Marudhar Kesari Jain College For Women, Vaniyambadi, Tamil Nadu, India.

S. Komala

PG and Research Department of Mathematics

Marudhar Kesari Jain College For Women, Vaniyambadi, Tamil Nadu, India.

S. Silambarasi

PG and Research Department of Mathematics

Marudhar Kesari Jain College For Women, Vaniyambadi, Tamil Nadu, India.

S. Susitha

PG and Research Department of Mathematics

Marudhar Kesari Jain College For Women, Vaniyambadi, Tamil Nadu, India.

R.Vanitha

PG and Research Department of Mathematics

Marudhar Kesari Jain College For Women, Vaniyambadi, Tamil Nadu, India.

ABSTRACT

In this paper, we see the definition, some basic properties and fundamental properties

of Sumudu transform, relationships between Laplace and Sumudu transforms and Existence

of Sumudu transform.

KEYWORDS

Sumudu Transform, Gamma Function, Laplace Transform.

INTRODUCTION

The Sumudu transform is introduced by Watugula.
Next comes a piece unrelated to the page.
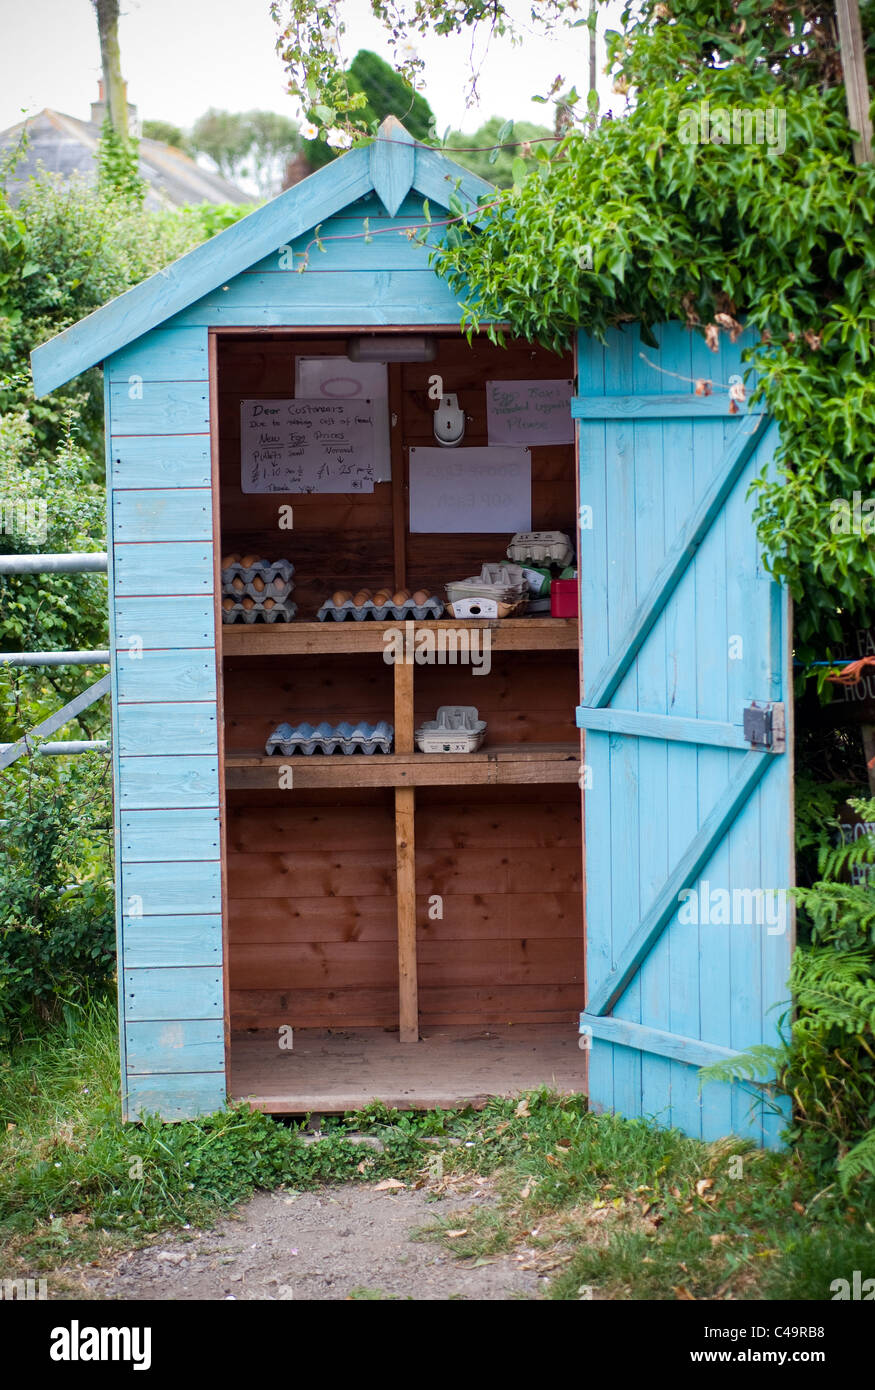 Small Rural Business In Garden Shed Selling Eggs Start A Cottage
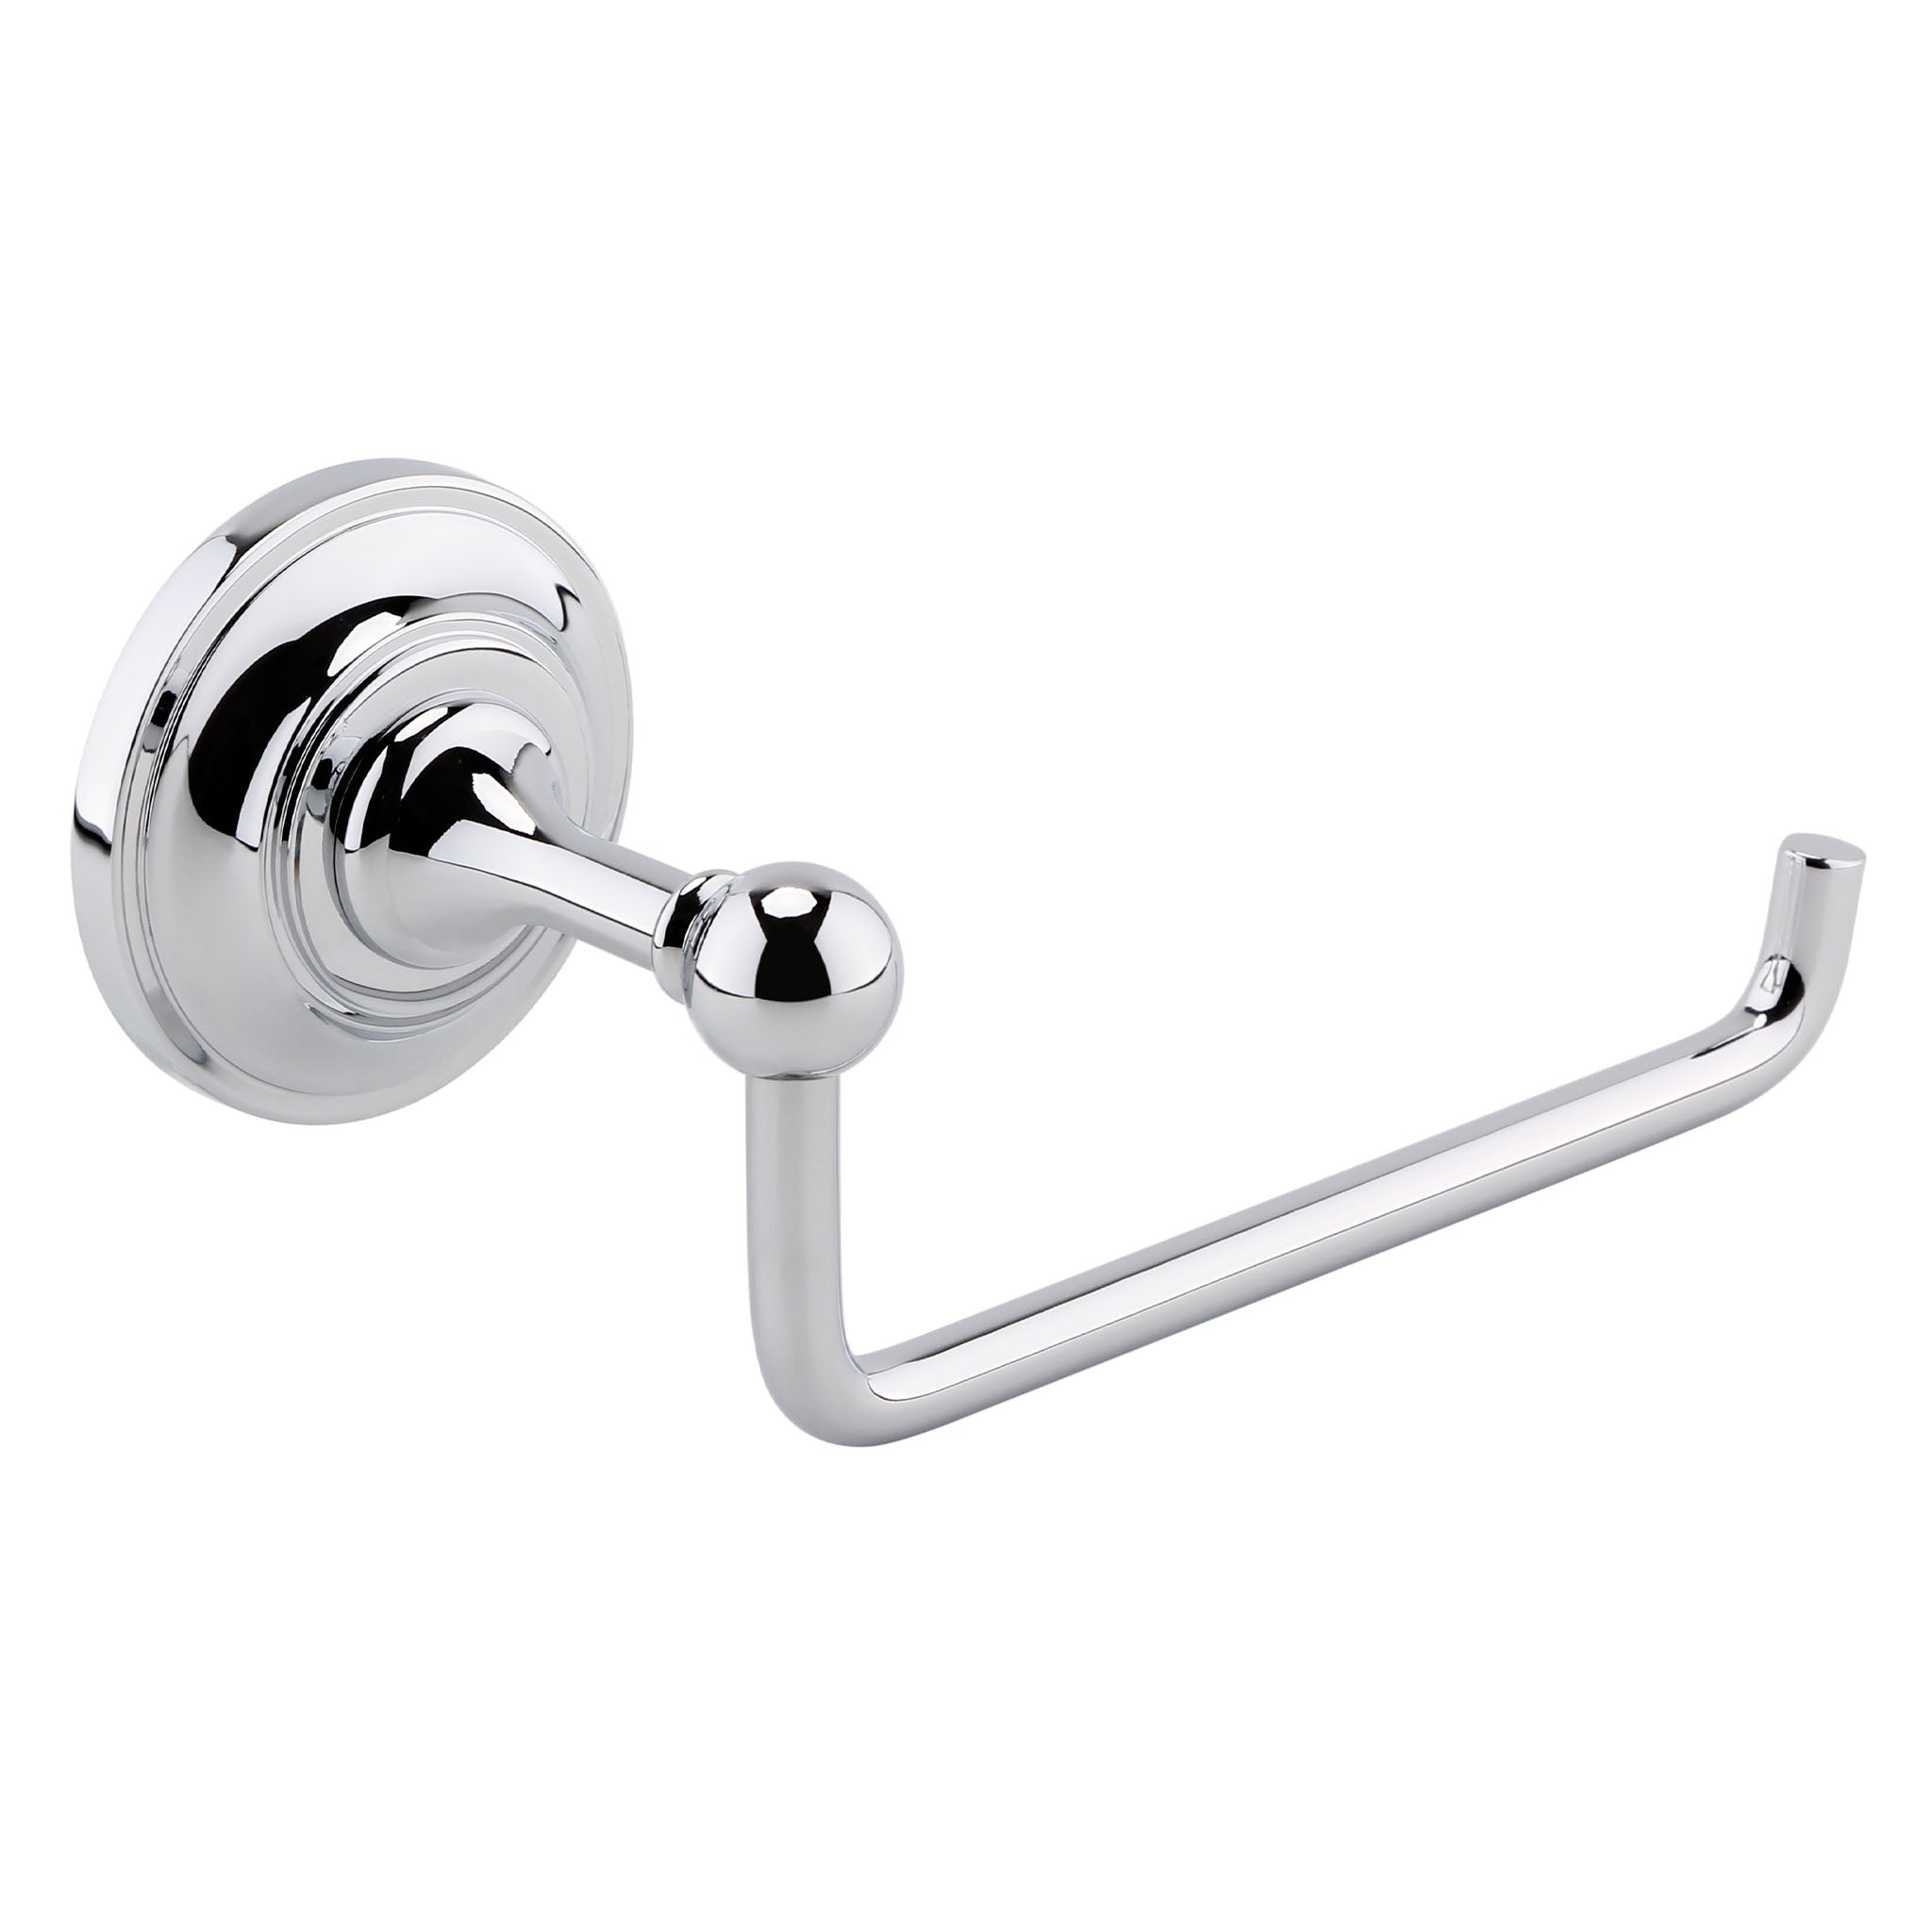 Windisch by Nameeks Freestanding Toilet Roll Holder; Chrome 89225-CR

Sumudu transform may be used

to solve problems without resorting to a new frequency domain .Due to its simple

formulation and consequent special and useful properties, the Sumudu transform has

already shown much promise. It is revealed here in and elsewhere that it can help to solve

intricate problems in engineering mathematics and applied sciences. However, despite the

potential presented by this new operator, only few theoretical investigations have appeared

in the literature, over a fifteen-year period. Most of the available transform theory books, if

not all, do not refer to the Sumudu transform. Even in relatively recent well known

comprehensive handbooks, such as Debnath and Poularikas, no mention of the Sumudu

transform can be found.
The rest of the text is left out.